Assigned task
None of the images should appear in your copy. Transcribe the data in full.

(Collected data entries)
[Start of section]
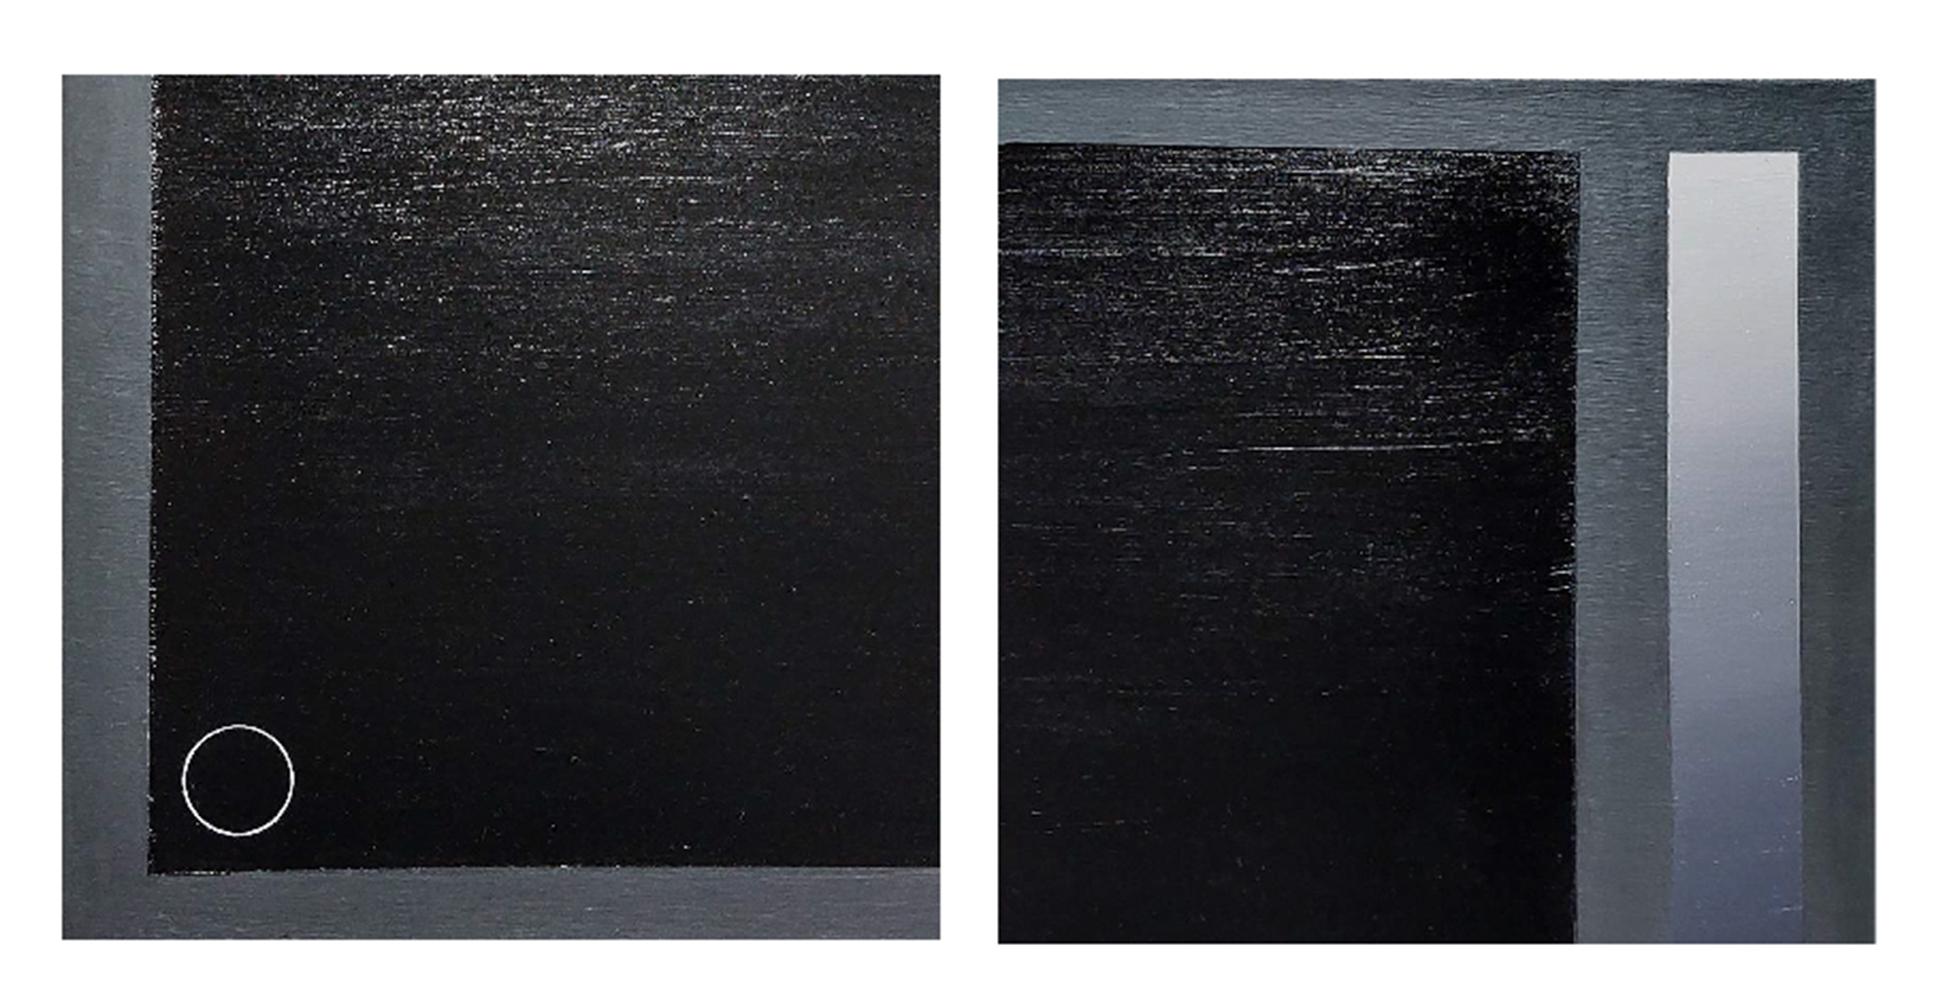 Blau getönter Würfel und schwarzer Glitzereimer, von Jose Ricardo Contreras González
Aus der Serie The Light
Acryl und Öl auf Leinwand
Gesamtgröße: 50 H cm. x 80 B cm.
Individuelle Größe: 50 H cm. x 40 B cm.
Montiert auf einem Strecher 

Diese Serie
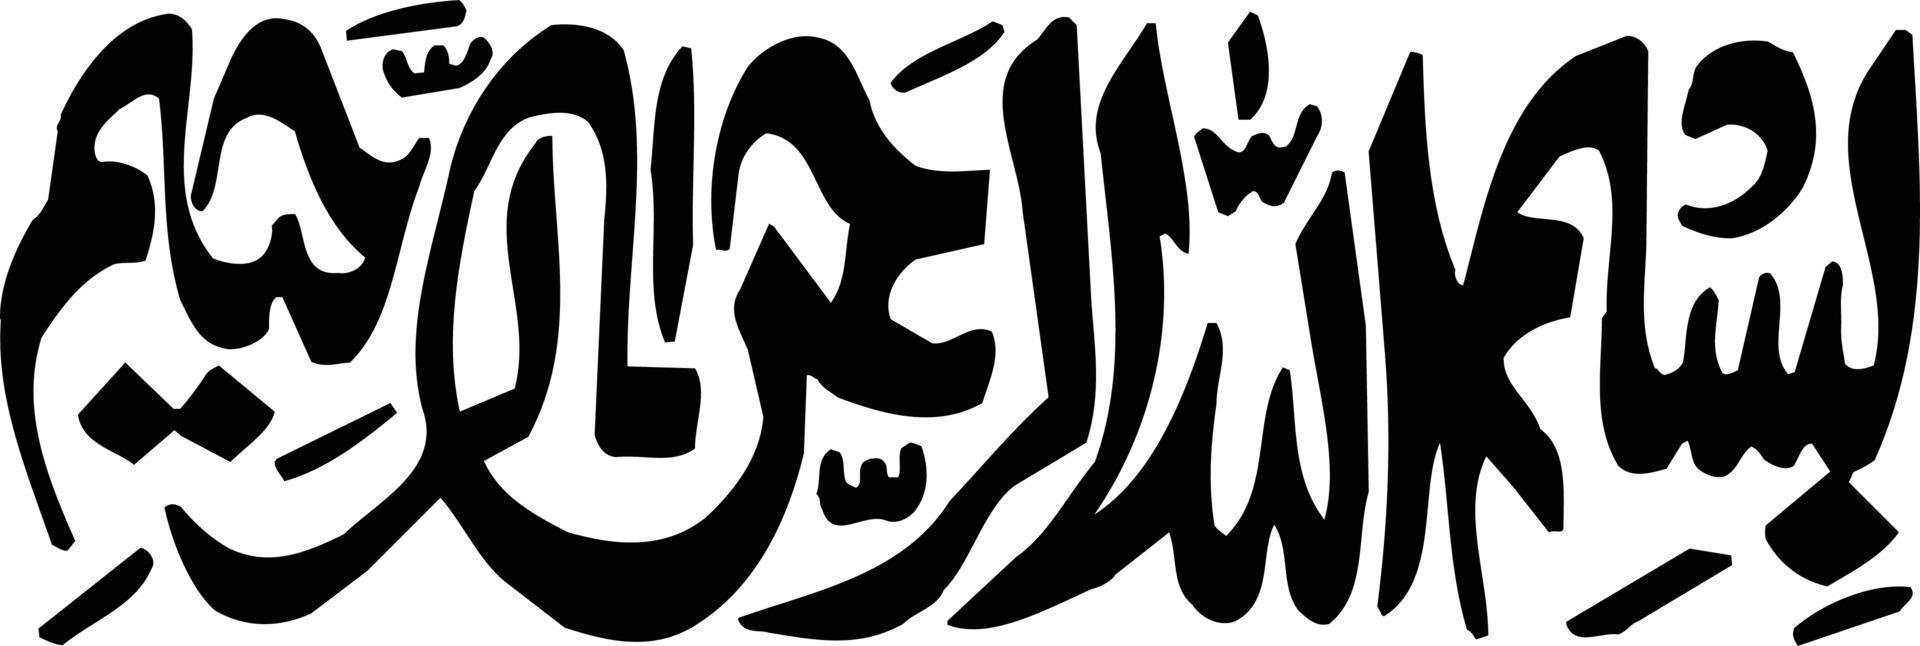 bismila titel islamische kalligraphie freier vektor
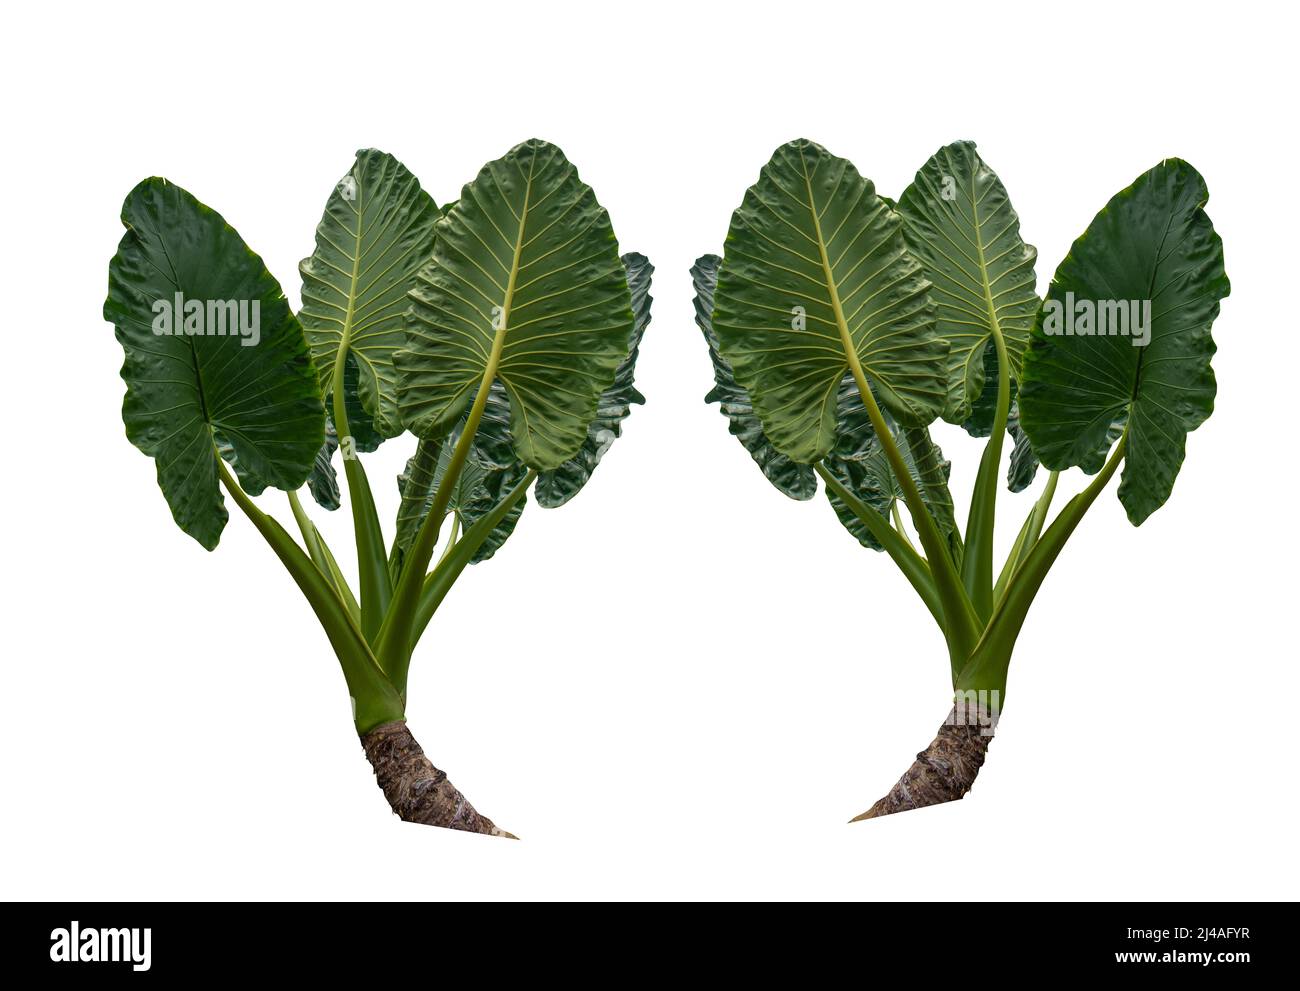 Herzförmige grüne Blätter des Elefantenohrs oder des Riesentaros (Arocasia-Arten), tropische Regenwald-Laubgarten-Pflanze isoliert auf weißem Hintergrund mit Stockfoto
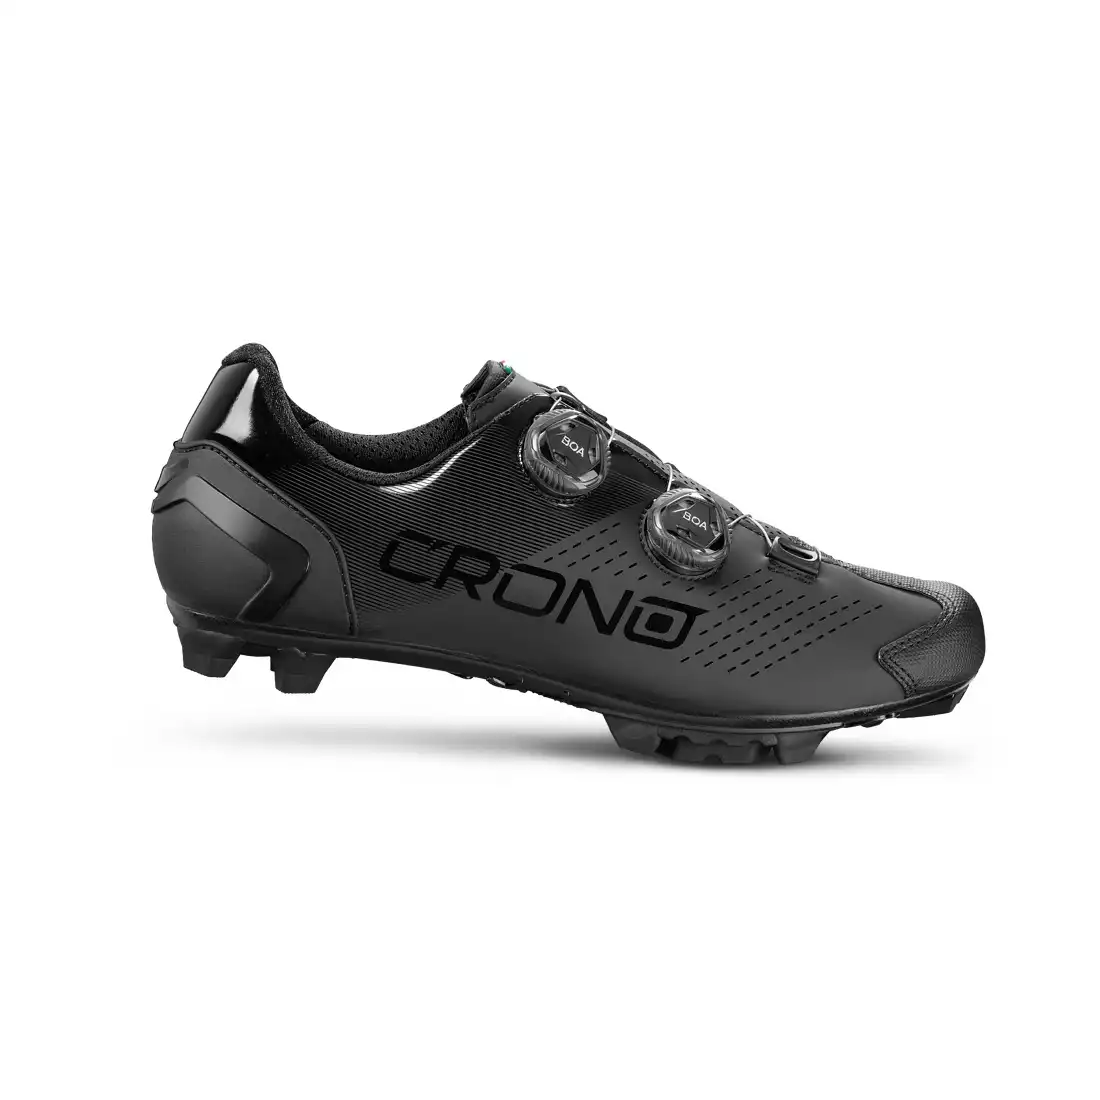 CRONO CX-2-22 Buty rowerowe MTB, kompozyt, czarne
[End of section]
Answer to this task
 Blau getönter Würfel und schwarzer Glitzereimer, von Jose Ricardo Contreras González
Aus der Serie The Light
Acryl und Öl auf Leinwand
Gesamtgröße: 50 H cm. x 80 B cm.
Individuelle Größe: 50 H cm. x 40 B cm.
Montiert auf einem Strecher 

Diese Serie
 bismila titel islamische kalligraphie freier vektor
 Herzförmige grüne Blätter des Elefantenohrs oder des Riesentaros (Arocasia-Arten), tropische Regenwald-Laubgarten-Pflanze isoliert auf weißem Hintergrund mit Stockfoto
 CRONO CX-2-22 Buty rowerowe MTB, kompozyt, czarne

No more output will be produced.